На Двине-Даугаве - Кононов Александр Терентьевич (читать онлайн полную книгу txt) 📗
— …руководили забастовками рабочих! — выпалил кто-то из толпы собравшихся.
— Ти-хо, ти-хо, — с шутливой укоризной сказал Витол и повел бровью.
Дзиконский торопливо ушел.
— Ну, ничего, и мы станем взрослыми.
— Взрослыми свиньями, — сказал Грабчинский дрогнувшим голосом. — Все-таки у меня такое чувство, что мы… предали тебя…
— Стой! Довольно! Стрелецкий идет.
Стрелецкого не было видно. Но наступила пора расходиться — на крыльце появился Донат и затряс медным колокольчиком.
Гриша увидел Персица и догнал его.
— Что это такое «волчий билет»? — спросил он второпях.
Персиц знал обо всем на свете. Он объяснил коротко и толково: это аттестат, с которым человека никуда не примут: как волка, отовсюду будут гнать.
— А Витол собирается учителем ехать в деревенскую школу.

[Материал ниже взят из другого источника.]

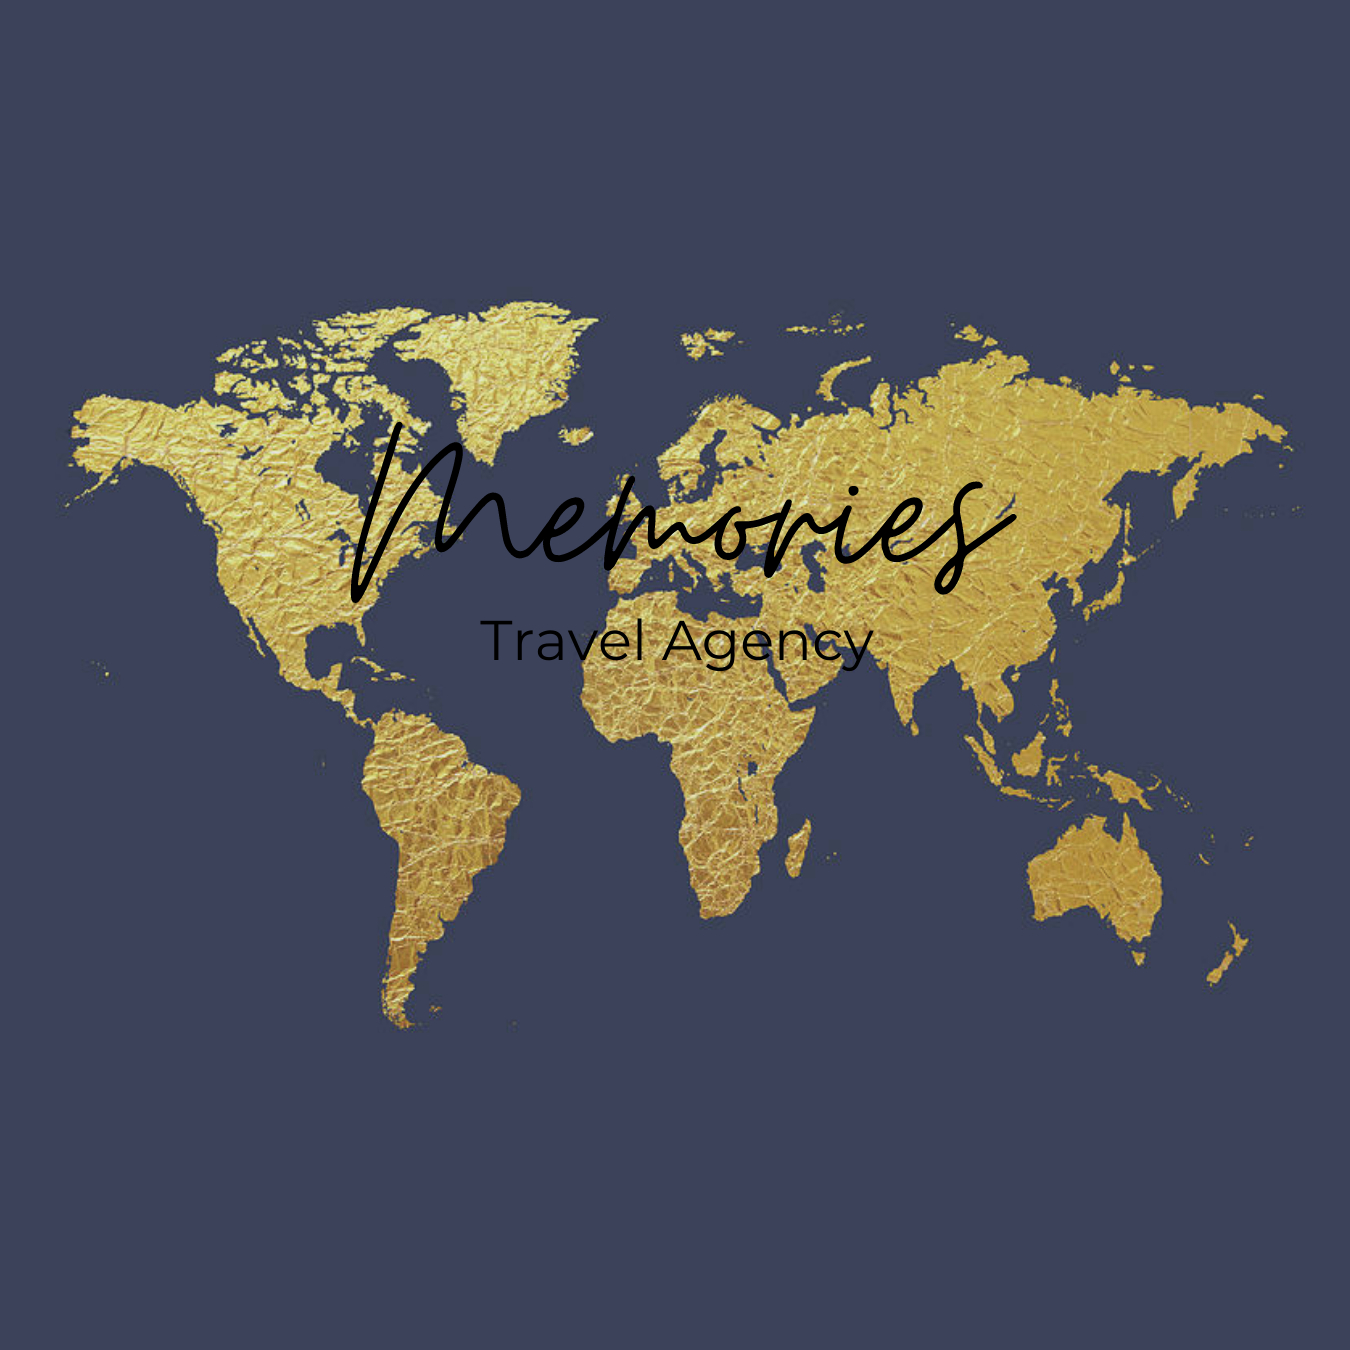 Agencia de viajes Memories Travel Agency

Оттуда его не выгонят?
У Персица и на это был ответ:
— Он покажет там свидетельство только за шесть классов. Для народной школы этого хватит.
— За что ж все жалеют его? Разве плохо быть учителем?
Персиц пожал плечами (наверное, хотел походить этим на взрослого, может быть на своего отца):
— Кому плохо, кому нет.
— Я бы пошел в учителя.
Персиц поглядел на него искоса, ничего не ответил.
А Гриша и в классе все еще думал: чего жалеть человека, который идет учителем в деревню? Будет он там жить, как Шпаковский. Разве плохая жизнь? Он и Никаноркину сказал:
— Я бы пошел в учителя.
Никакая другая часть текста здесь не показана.